The `Sound` class

class audiomath.Sound(source=None, fs=None, nChannels=2, dtype=None, bits=None, label=None)

Bases: object

Sound is a class for editing and writing sound files. (If your main aim is simply to play back existing sounds loaded from a file, you probably want to start with a Player instead.)

A Sound instance s is a wrapper around a numpy array s.y which contains a floating-point representation of a (possibly multi-channel) sound waveform.
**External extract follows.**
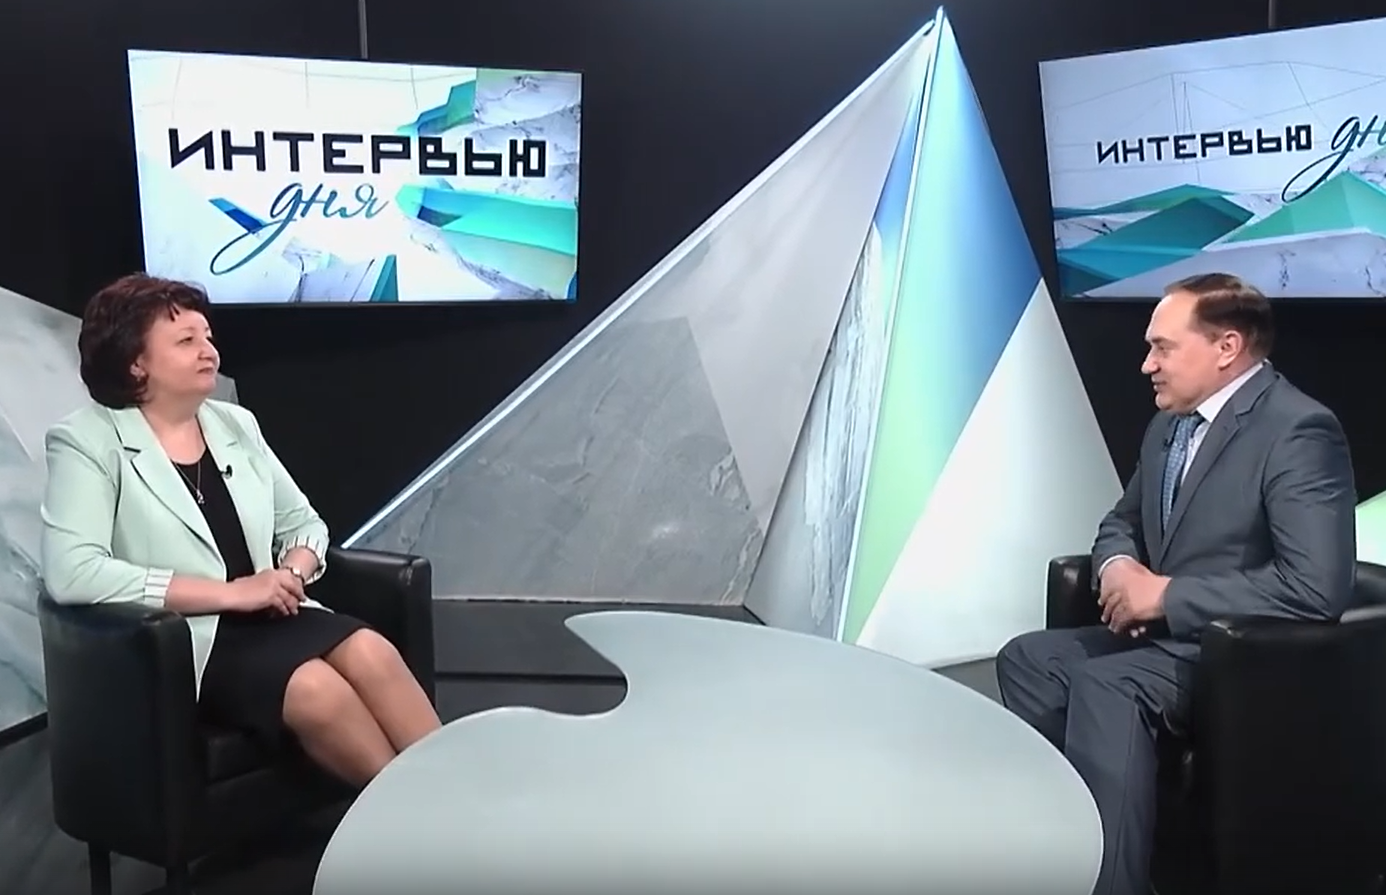 Юлия Лысенко рассказала о «Летописи тюркской цивилизации» в интервью телеканалу «Катунь24»

Generally the array values are in the range [-1, +1].

The wrapper makes it easy to perform certain common editing and preprocessing operations using Python operators, such as:

Numerical operations:

The + and - operators can be used to superimpose sounds (even if lengths do not match).
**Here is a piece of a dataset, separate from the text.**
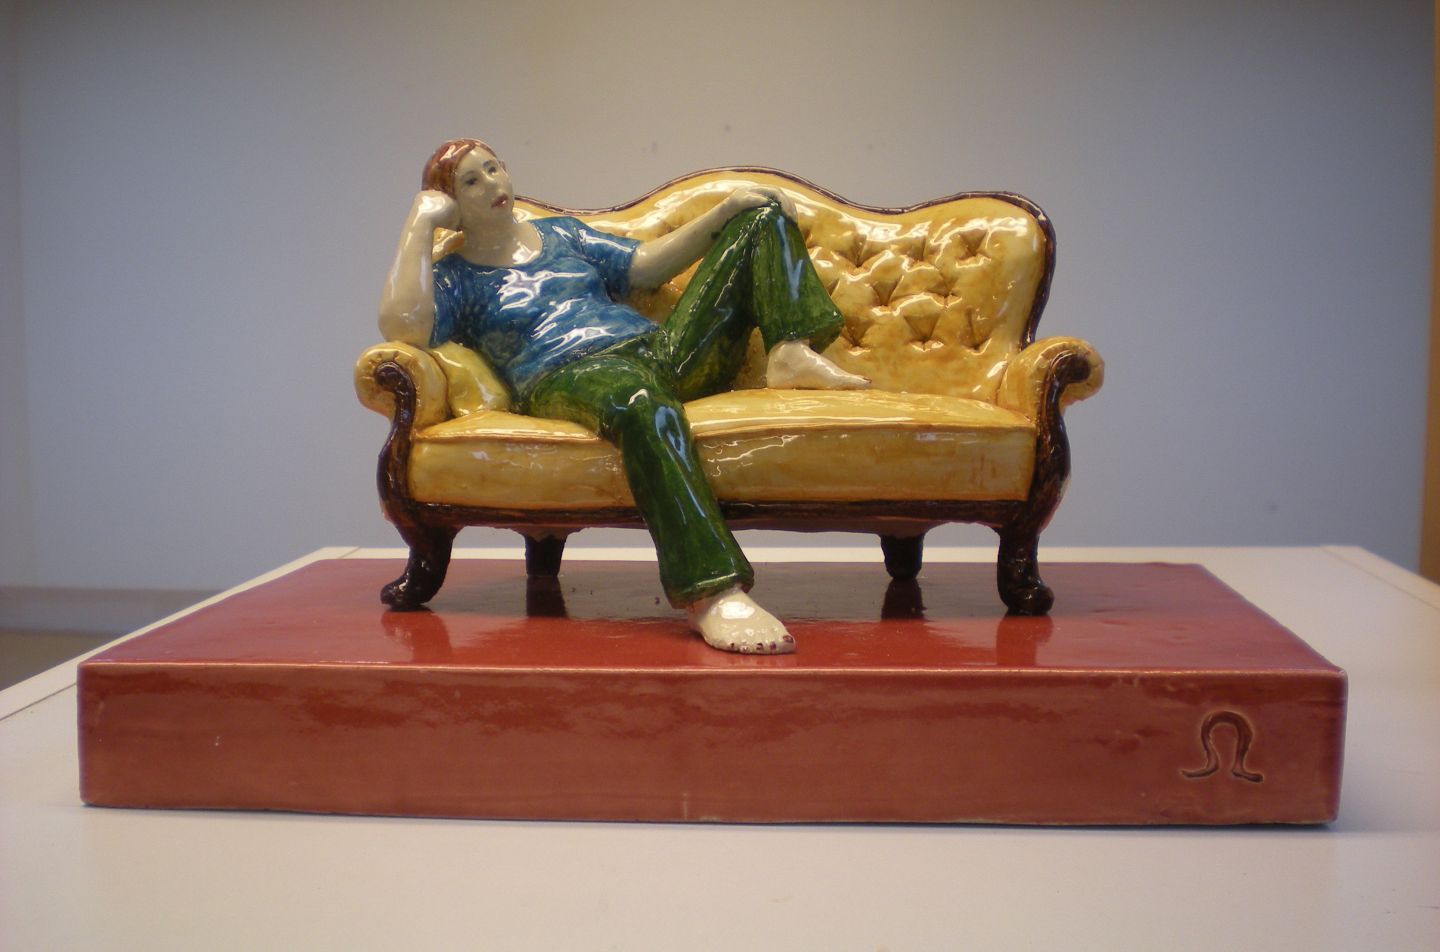 alt='Foto av en skulptur. En gul rokokosoffa på en röd sockel. I soffan sitter en kvinna tillbakalutad med gröna byxor och blå tröja. '

The * and / operators can be used to scale amplitudes (usually by a scalar numeric factor, but you can also use a list of scaling factors to scale channels separately, or window a signal by multiplying two objects together).

The +=, -=, *= and /= operators work as you might expect, modifying a Sound instance’s data array in-place.

Concatenation of sound data in time:

The syntax s1 % s2 is the same as Concatenate( s1, s2 ): it returns a new Sound instance containing a new array of samples, in which the samples of s1 and s2 are concatenated in time.

Either argument may be a scalar, so s % 0.4 returns a new object with 400 msec of silence appended, and 0.4 % s returns a new object with 400 msec of silence pre-pended.

Concatenation can be performed in-place with s %= arg or equivalently using the instance method s.Concatenate( arg1, arg2, ... ): in either case the instance s gets its internal sample array replaced by a new array.

Creating multichannel objects:

The syntax s1 & s2 is the same as Stack( s1, s2 ): it returns a new Sound instance containing a new array of samples, comprising the channels of s1 and the channels of s2. Either one may be automatically padded with silence at the end as necessary to ensure that the lengths match.

Stacking may be performed in-place with s1 &= s2 or equivalently with the instance method s1.Stack( s2, s3, ... ): in either case instance s1 gets its internal sample array replaced by a new array.

Slicing, expressed in units of seconds:

The following syntax returns Sound objects wrapped around slices into the original array:

s[:0.5]   #  returns the first half-second of `s`
s[-0.5:]  #  returns the last half-second of `s`

s[:, 0]   # returns the first channel of `s`
s[:, -2:] # returns the last two channels of `s`
s[0.25:0.5, [0,1,3]] # returns a particular time-slice of the chosen channels

Where possible, the resulting Sound instances’ arrays are views into the original sound data. Therefore, things like s[2.0:-1.0].AutoScale() or s[1.0:2.0] *= 2 will change the specified segments of the original sound data in s. Note one subtlety, however:

# Does each of these examples modify the selected segment of `s` in-place?

    s[0.1:0.2,  :] *= 2            # yes
    q = s[0.1:0.2,  :];  q *= 2    # yes  (`q.y` is a view into `s.y`)

    s[0.1:0.2, ::2] *= 2           # yes
    q = s[0.1:0.2, ::2];  q *= 2   # yes  (`q.y` is a view into `s.y`)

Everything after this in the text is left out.